Looking through #2308 I see this comment about generate_new_examples https://github.com/HypothesisWorks/hypothesis/issues/2308#issuecomment-584111017, which may turn out to be prescient as we just touched that in #4007.
@tybug
There are speed regressions here and there in trying to improve randomness of the integers and floats (ex trying to hit boundary values,...), but a big speed regression when IRTree is tracked in ConjectureData from this commit https://github.com/HypothesisWorks/hypothesis/commit/1e76ce2e52e450d54470ed09b9c65fb1b598fb5c.
Can you explain more on what this tracking of IRTree does since I'm not very familiar with the codebase? and if it is possible to not having this observe condition enabled so that it doesn't have this IRTree tracking without sacrificing the quality of tests generated?
IRTree is a critical part of our new intermediate representation (#3921), which is powering improvements like faster shrinking (#3962), so we can't just turn it off! "big speed regression" after #3903 doesn't sound great, though. Thanks for narrowing this down; I'll see if I can reproduce.
import sys
import os
import time
import hypothesis.strategies as st
from hypothesis import Phase, given, settings
MAX_EXAMPLES = int(os.getenv("MAX_EXAMPLES", "60"))
def gen_empty_fingerprint():
return {i: {} for i in range(8)}
@settings(max_examples=MAX_EXAMPLES, deadline=None,
phases=(Phase.reuse, Phase.generate, Phase.shrink))
@given(data=st.data())
def get_fuzzy_car_interfaces(data):
fingerprint_strategy = st.fixed_dictionaries({key: st.dictionaries(st.integers(min_value=0, max_value=0x800),
st.integers(min_value=0, max_value=64)) for key in
gen_empty_fingerprint()})
# TODO: Add another st.fixed_dictionaries()

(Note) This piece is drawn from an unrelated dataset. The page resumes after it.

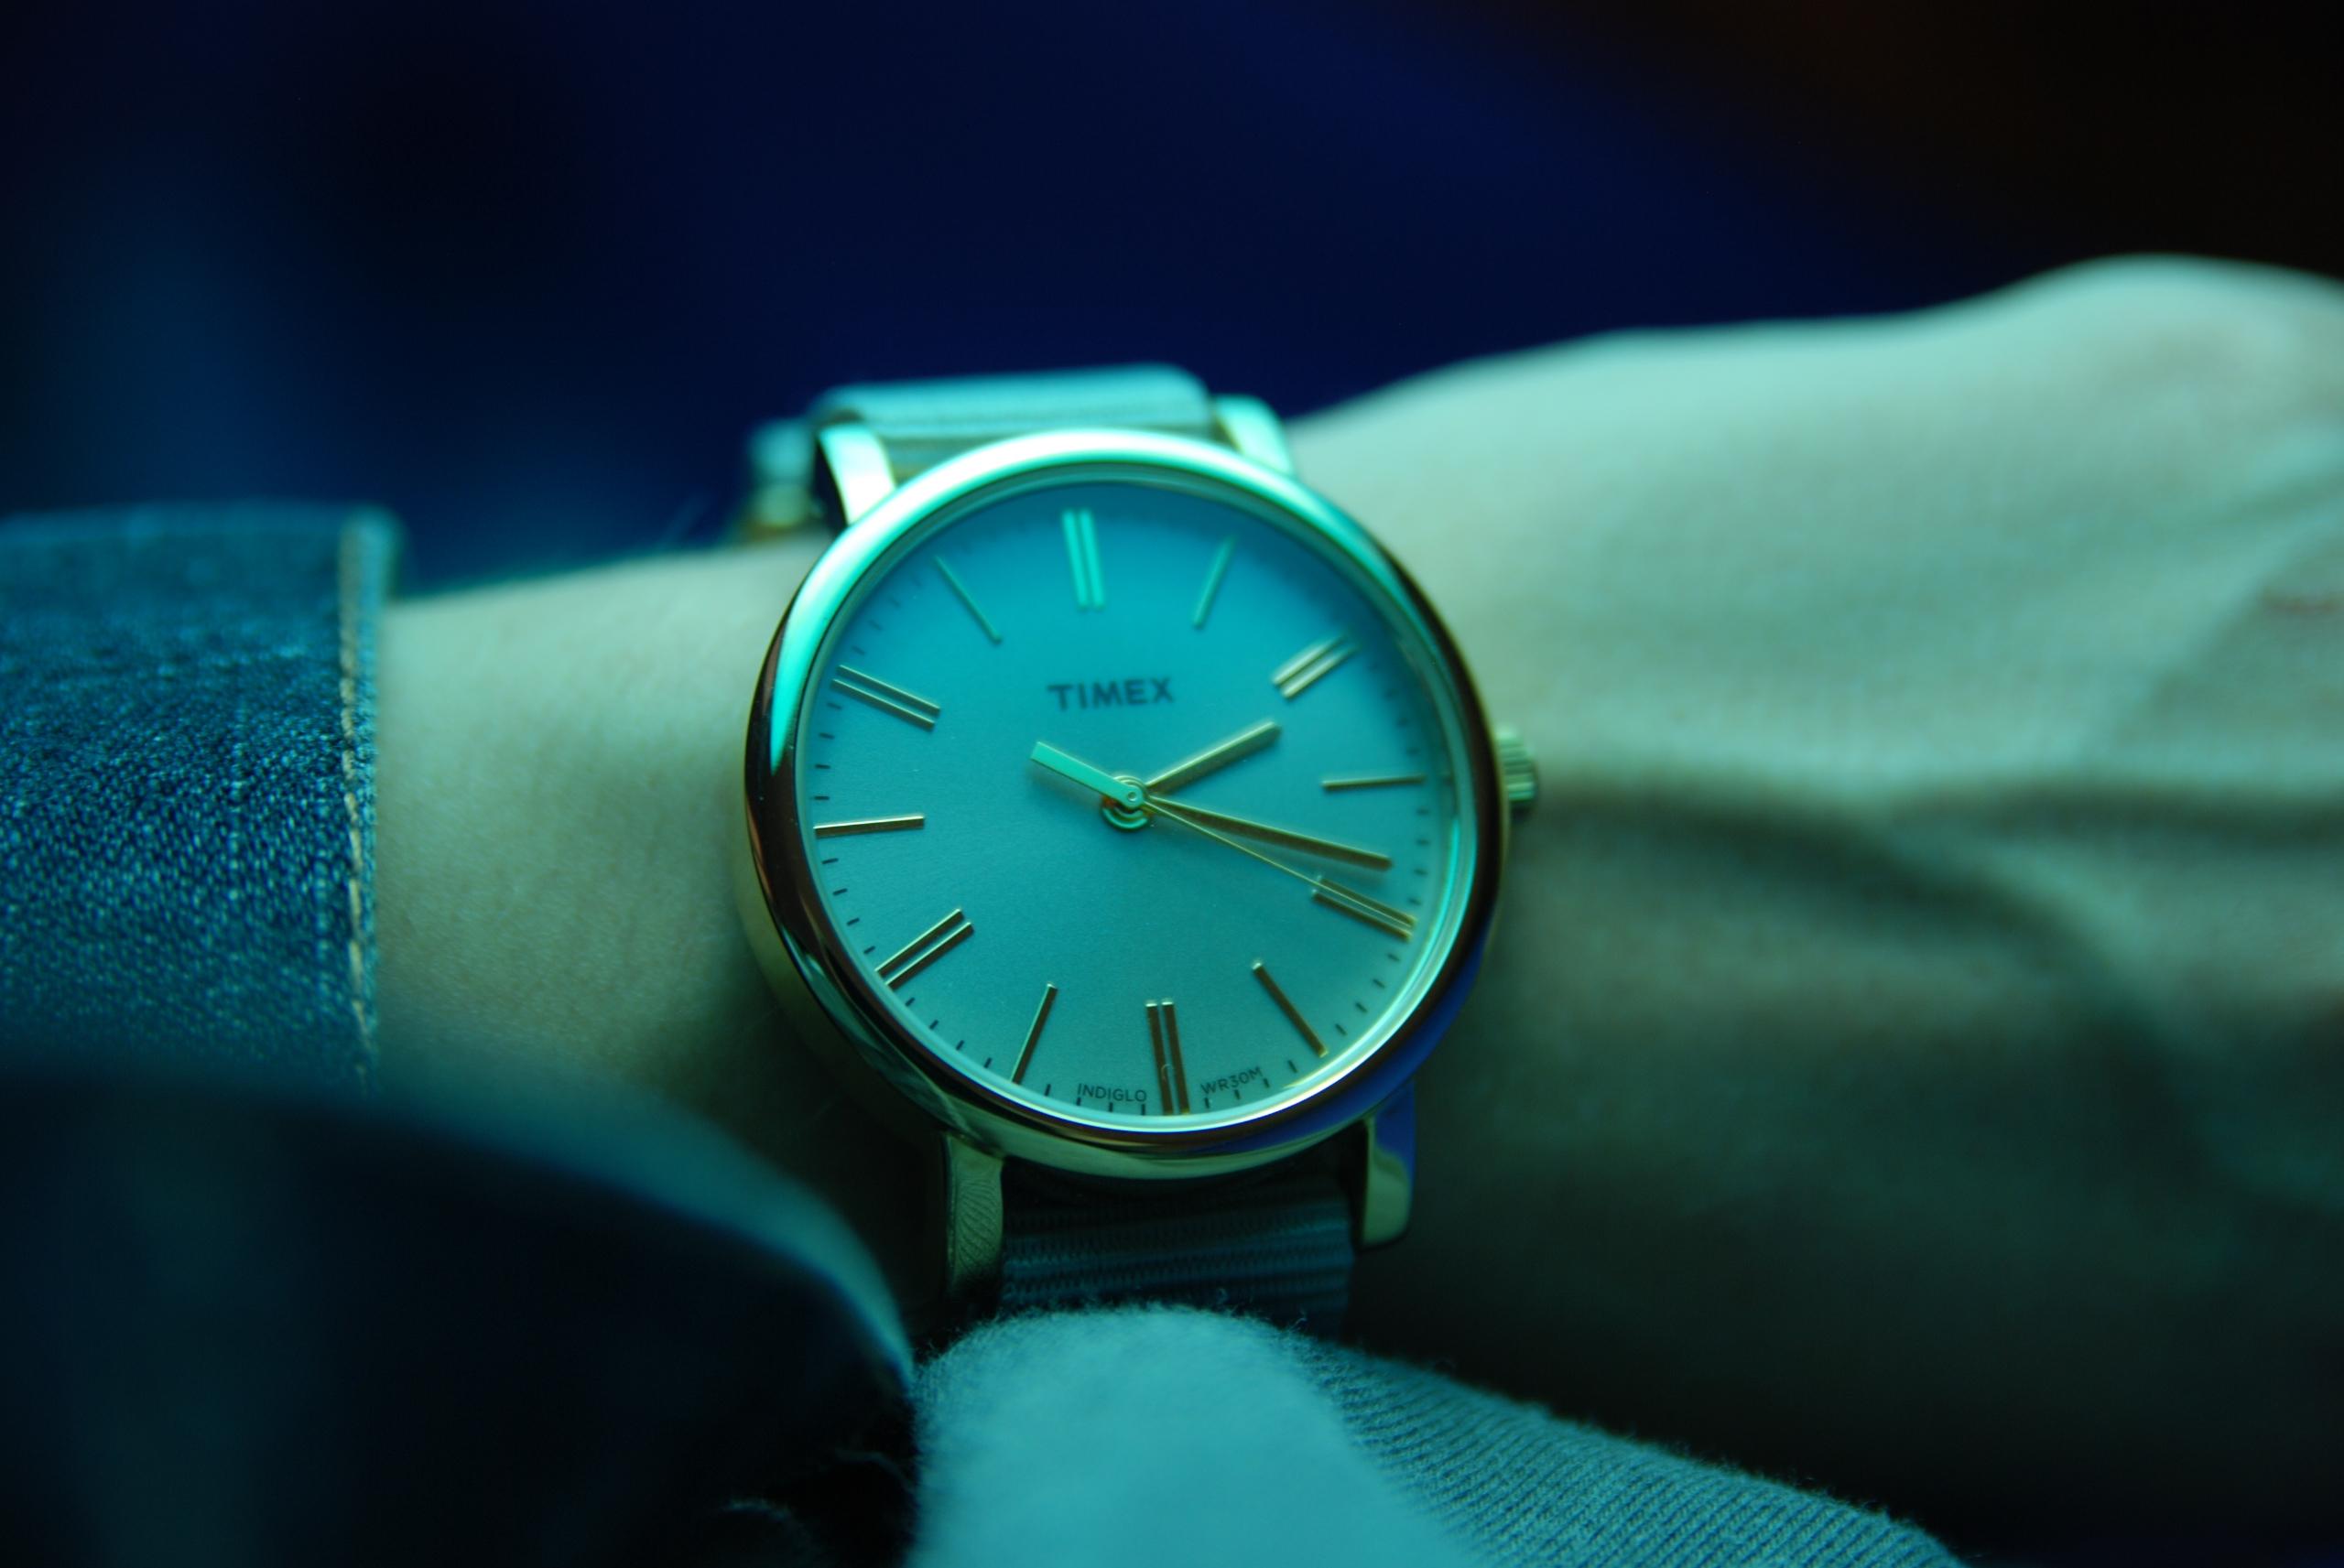 Zdjęcie przedstawia zbliżenie na zegarek, scena oświetlona chłodnym światłem.

data.draw(fingerprint_strategy)
if __name__ == "__main__":
# first bad commit: 5de1fe84252051594fdc6879d4920c357a6d1368 - more likely to generate boundary values
# from 3.5 - 3.8s: 6e2f394a253761677cdcc0990a32df54a62f079a
# - better after revert: 6e2f394a253761677cdcc0990a32df54a62f079a
# from 4s - >5s: 1e76ce2e52e450d54470ed09b9c65fb1b598fb5c - trackIRTree in ConjectureData
lower = float(sys.argv[1])
higher = float(sys.argv[2])
num_iterations = 20
start = time.monotonic()
for _ in range(num_iterations):
get_fuzzy_car_interfaces()
print(f"{num_iterations} iterations takes {time.monotonic() - start}s")
time_taken = time.monotonic() - start
sys.exit(int(lower <= time_taken <= higher))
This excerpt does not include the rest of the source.